Here is where I start reflecting on the things I’ve marked “attn,” above. It’s interesting to me that the ones I’m having the most difficulty with are the ones I hadn’t really thought of much before reading Fink’s work–goals about caring, the human dimension, and learning how to learn. My course goals were more content-focused before that.

Caring goals

I’m going to start with the hardest one, in my view. How do I get them to care about certain things, if they don’t already? I feel the need to tread carefully here, as there are ethical concerns with trying to change people’s values when you’re in a position of significant power in comparison to them. I don’t think I should require students to care about certain things so much as show evidence of doing certain things (whether doing so has entered into their emotional or value structure deeply is their own concern).

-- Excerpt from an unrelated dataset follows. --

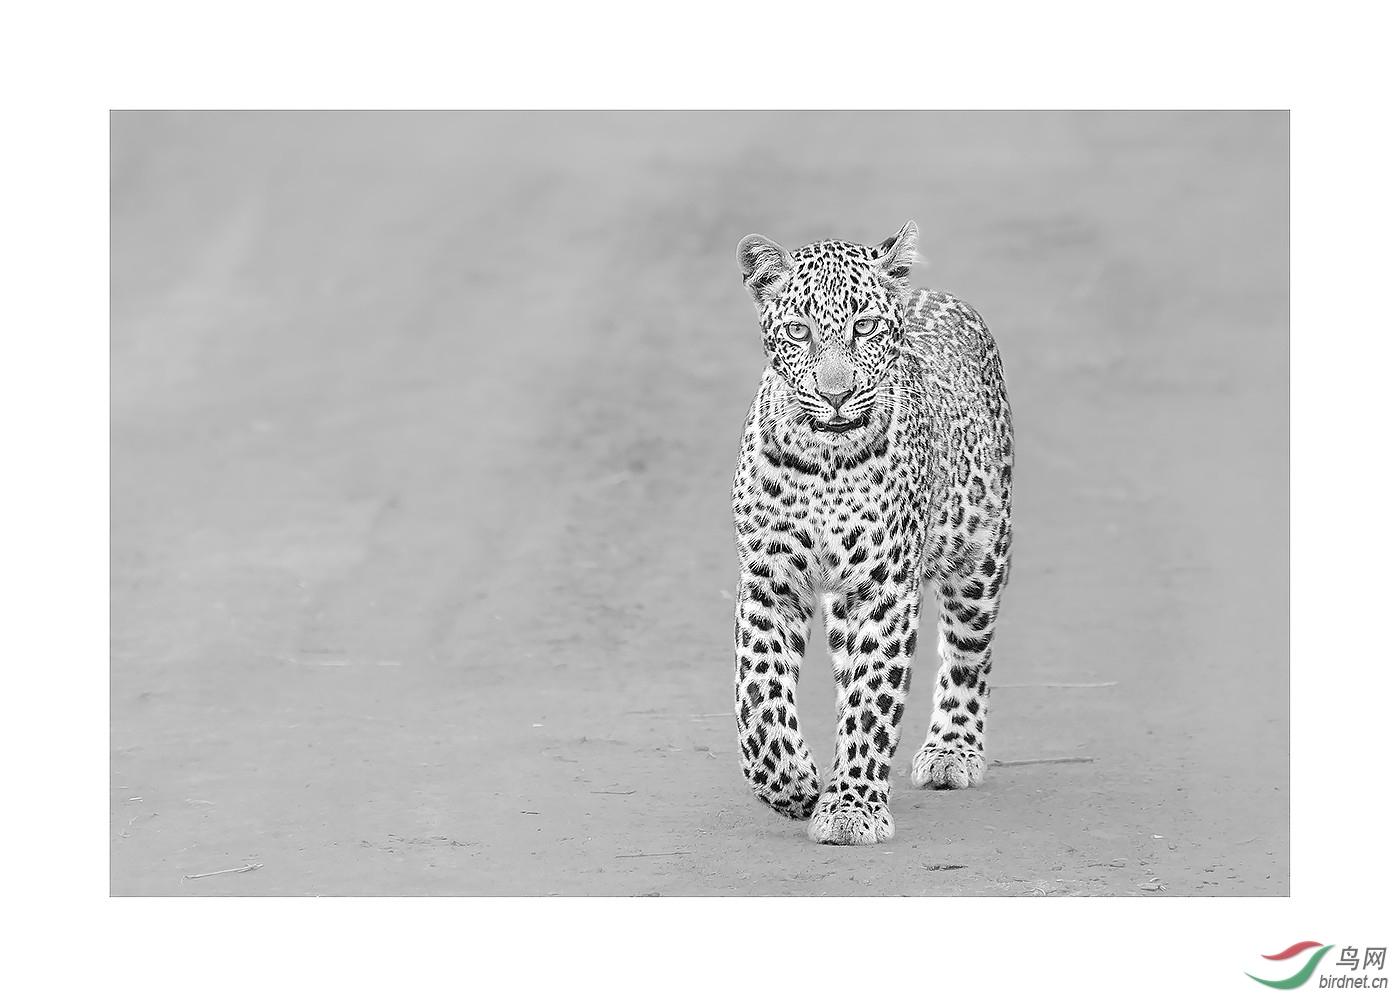 r-入围-0169.一只花豹wxy123-pic-5b8eddcfed12d.jpg

So while I’d like them to care if their arguments are sound or if they are relying on assumptions that they can’t defend, I can’t require them to show that they care about such things–only that they do unpack their assumptions and that the arguments they produce are sound. And while I would like them to care about working together with others to solve problems and treating them with respect in discussions, all I can require is that they do so.

One thing I could do is to model my own enthusiasm in striving to unpack my own assumptions and produce sound arguments, model respect in discussions, and show how I think of myself as working with them to address the problems we are discussion (which I do think, and I can model that). I can also explain why I believe those things are important, as a way of explaining why I require them, and then these reasons may resonate with others as well.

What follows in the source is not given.